***** GIVEN DATA

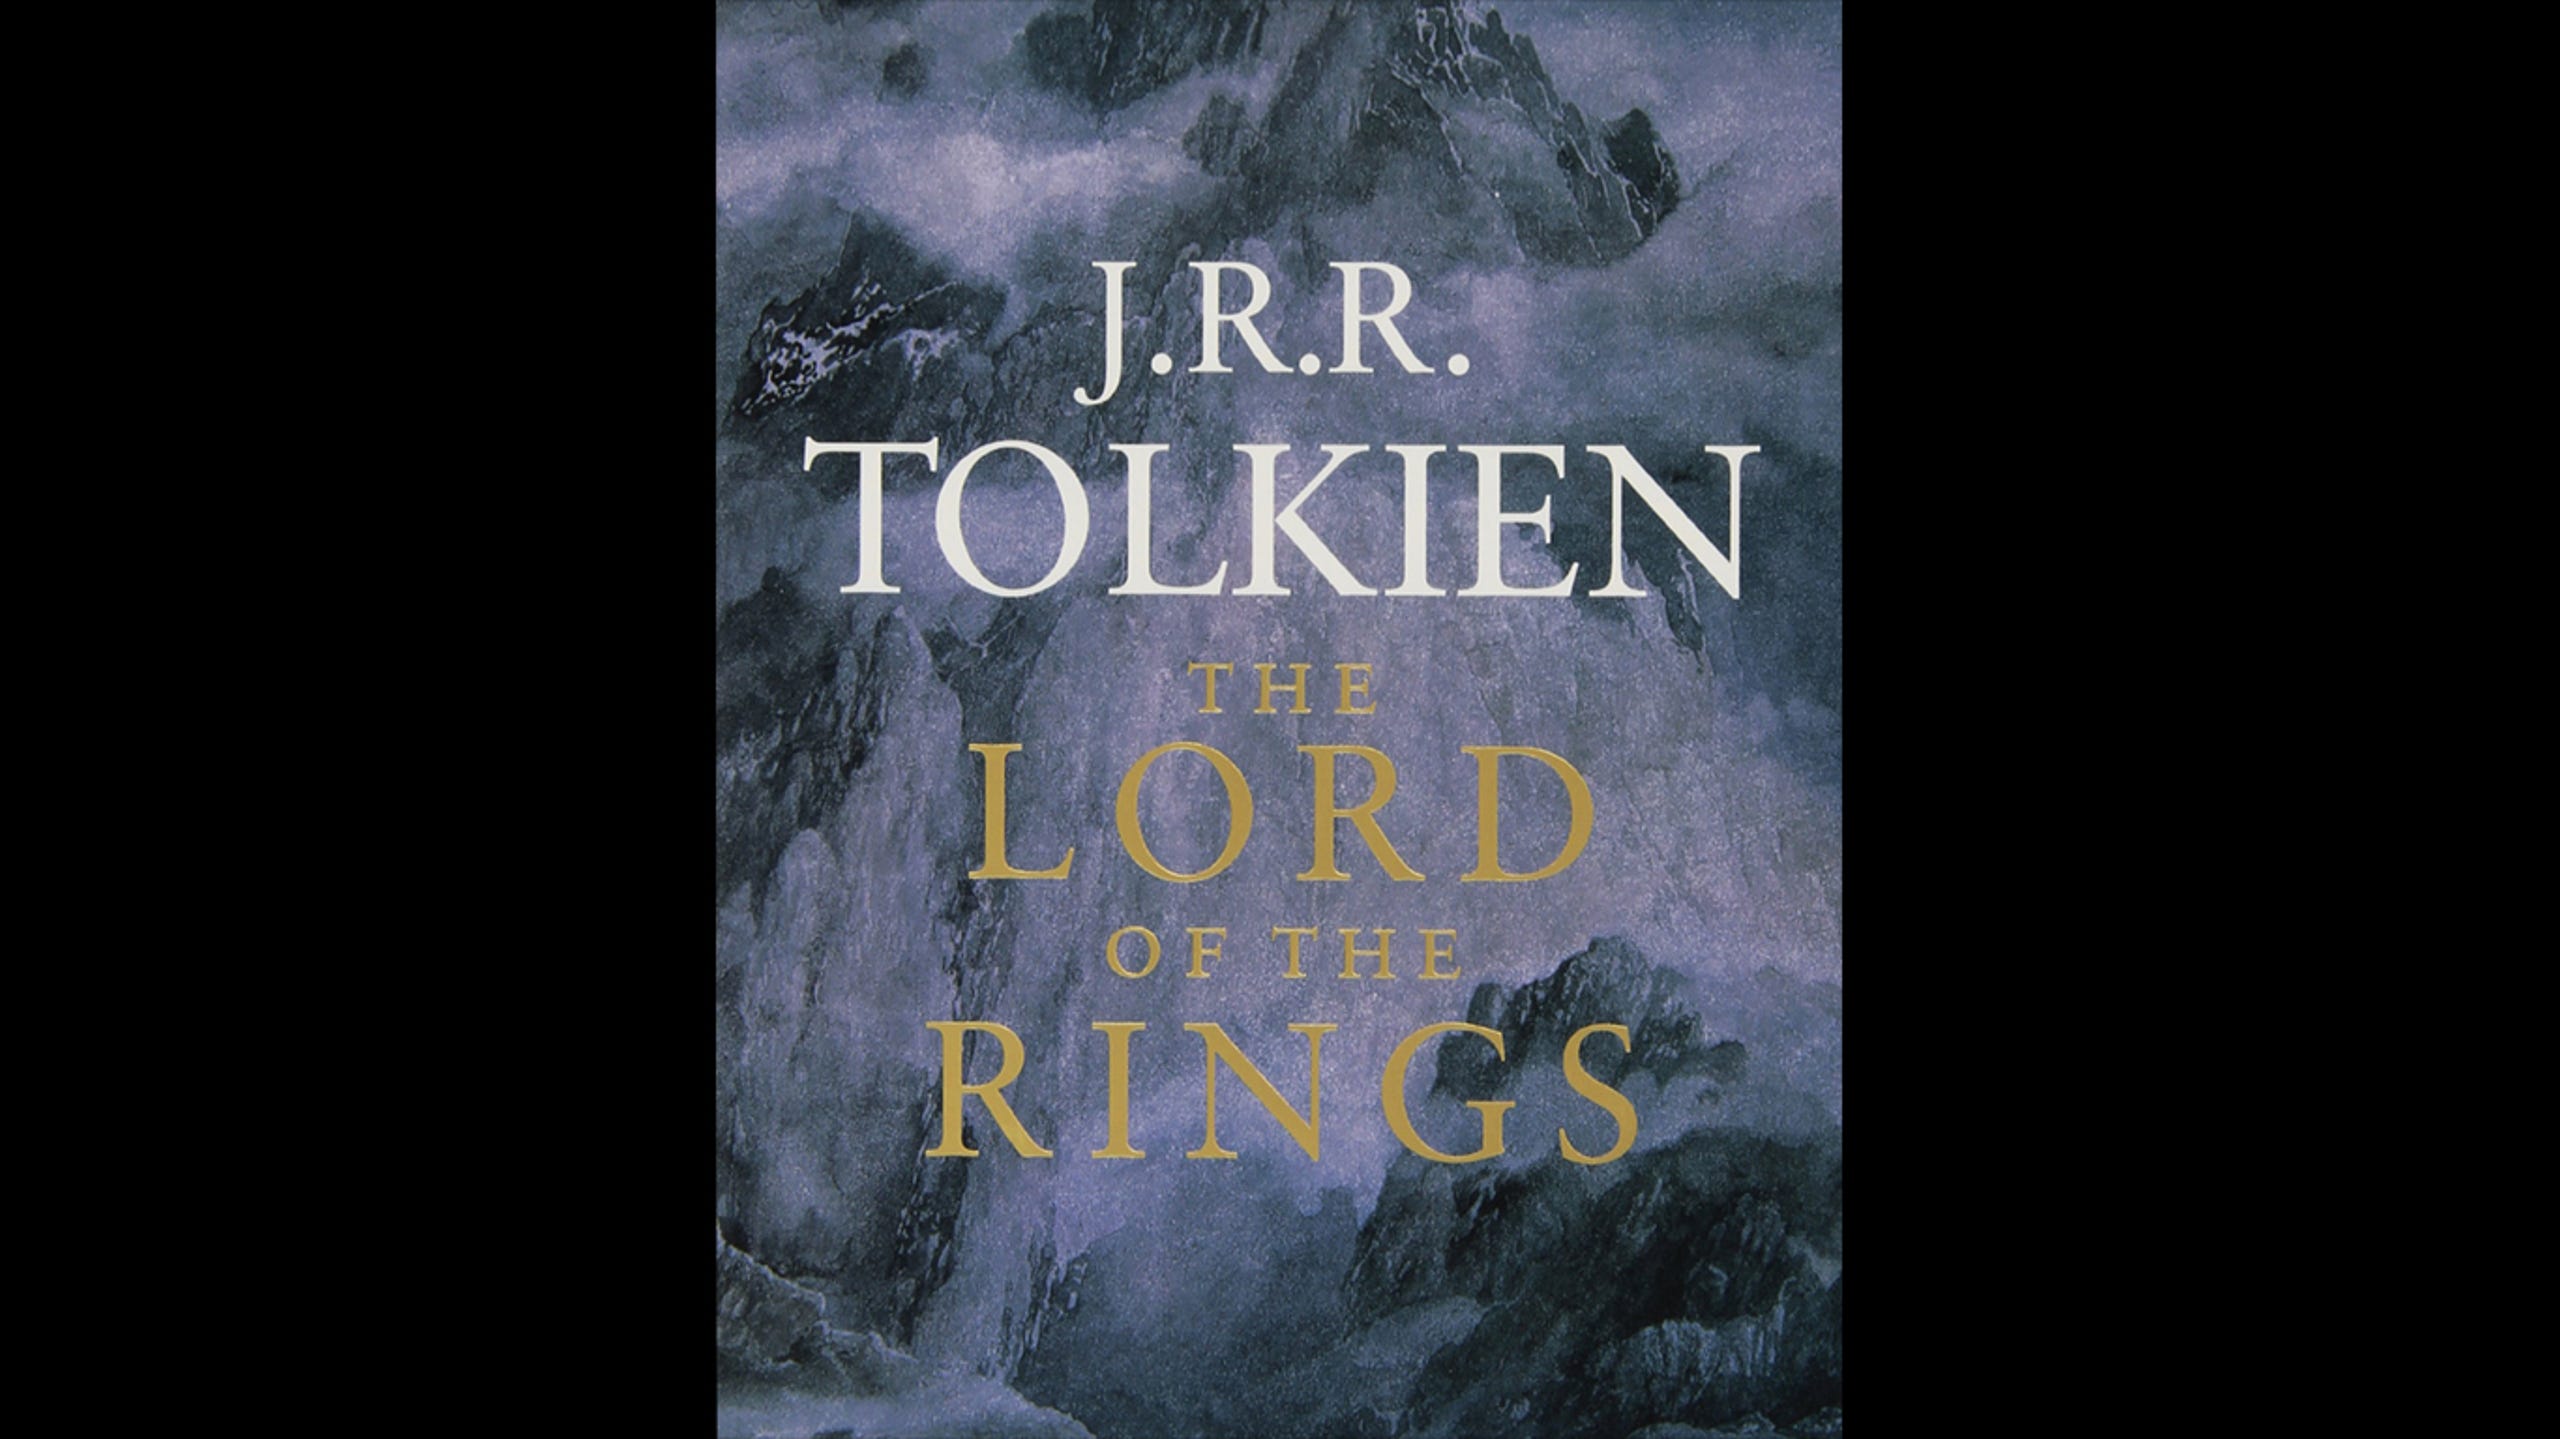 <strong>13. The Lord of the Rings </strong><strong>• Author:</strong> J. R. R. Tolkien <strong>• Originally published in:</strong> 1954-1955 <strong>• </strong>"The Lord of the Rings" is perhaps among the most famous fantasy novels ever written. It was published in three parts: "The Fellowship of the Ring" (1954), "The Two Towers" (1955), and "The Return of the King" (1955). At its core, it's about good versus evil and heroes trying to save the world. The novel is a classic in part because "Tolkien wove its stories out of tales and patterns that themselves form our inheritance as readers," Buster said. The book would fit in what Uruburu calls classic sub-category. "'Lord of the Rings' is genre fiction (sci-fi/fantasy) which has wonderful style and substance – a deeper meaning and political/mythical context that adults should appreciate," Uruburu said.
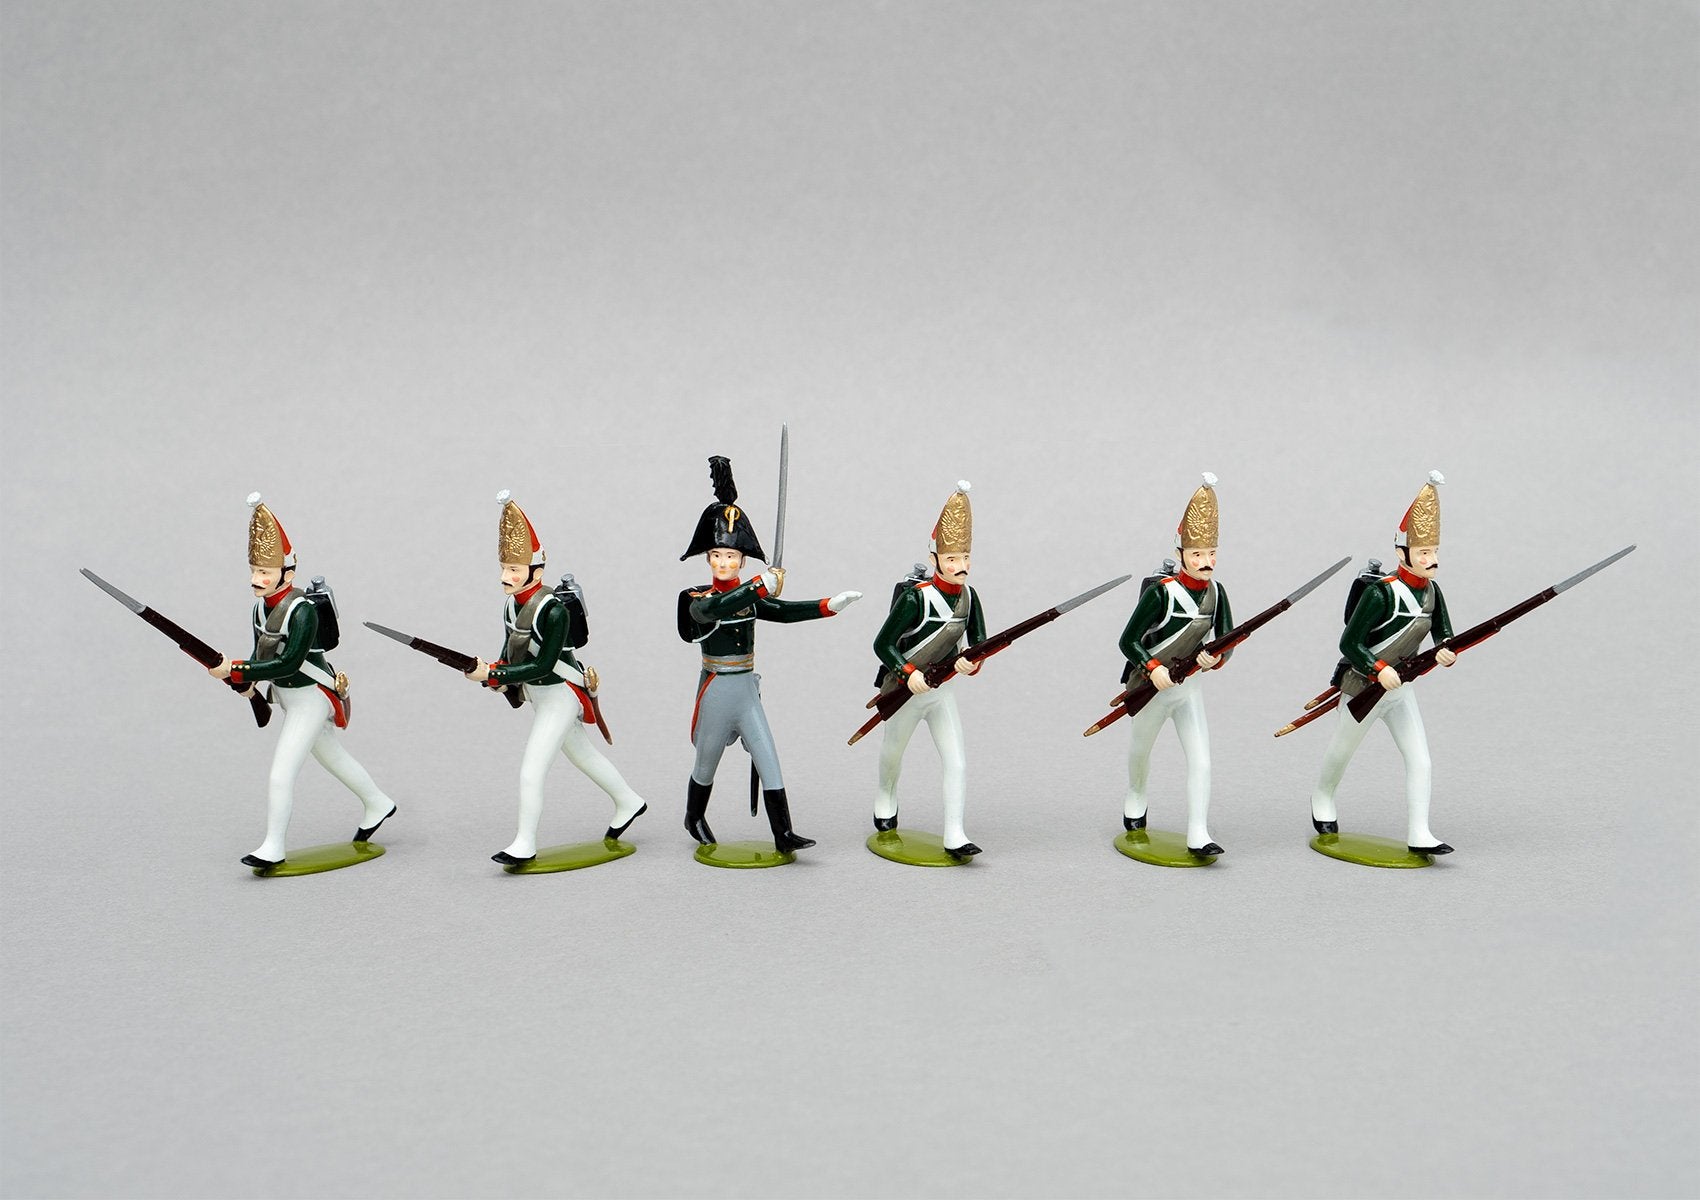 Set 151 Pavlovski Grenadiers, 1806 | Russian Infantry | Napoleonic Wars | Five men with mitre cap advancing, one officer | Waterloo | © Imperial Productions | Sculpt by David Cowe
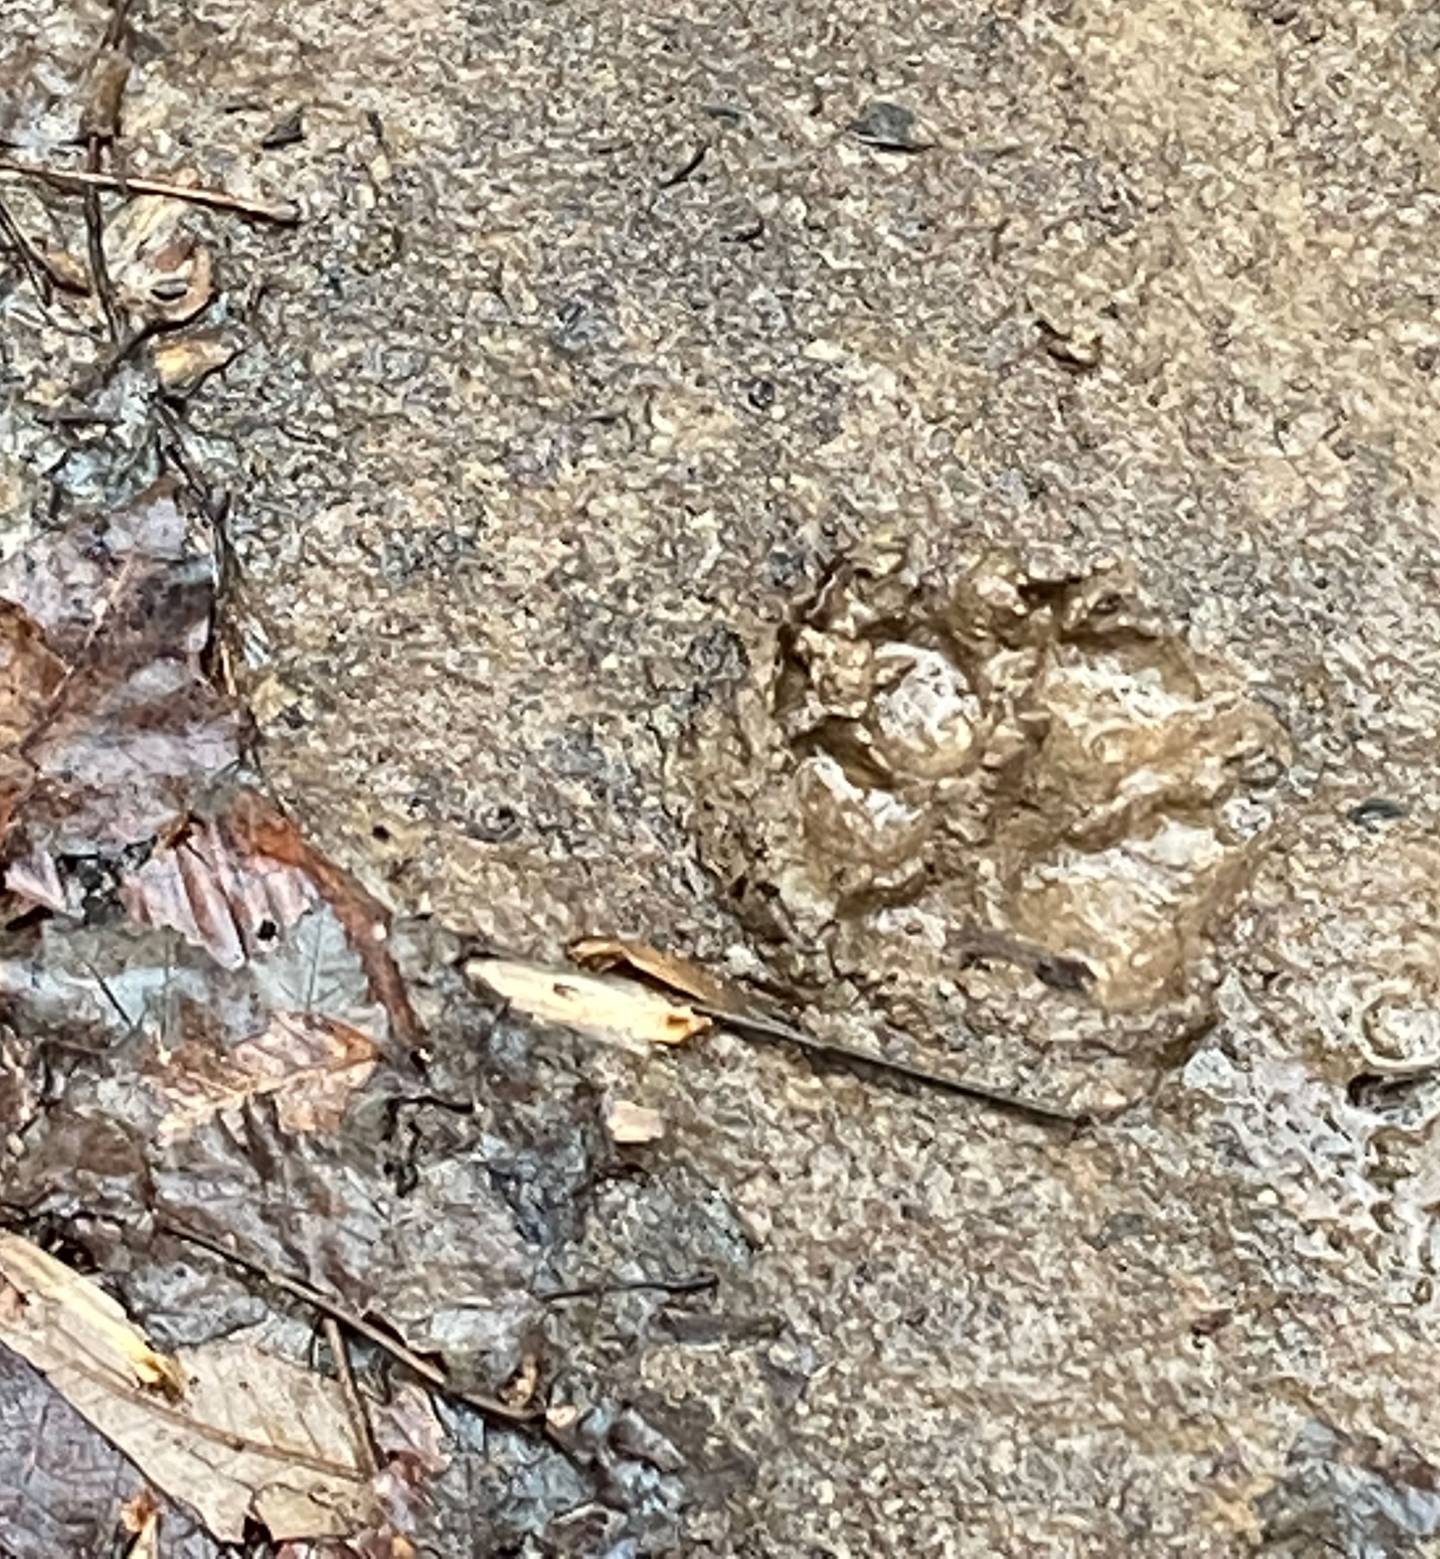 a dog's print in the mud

**********

▶ ASSIGNED TASK: A verbatim copy is needed of the lines running from the line with "Set 151 Pavlovski" to the end of the data above, both included. Keep the pictures out of it.

▶ EXERCISE SOLUTION:
 Set 151 Pavlovski Grenadiers, 1806 | Russian Infantry | Napoleonic Wars | Five men with mitre cap advancing, one officer | Waterloo | © Imperial Productions | Sculpt by David Cowe
 a dog's print in the mud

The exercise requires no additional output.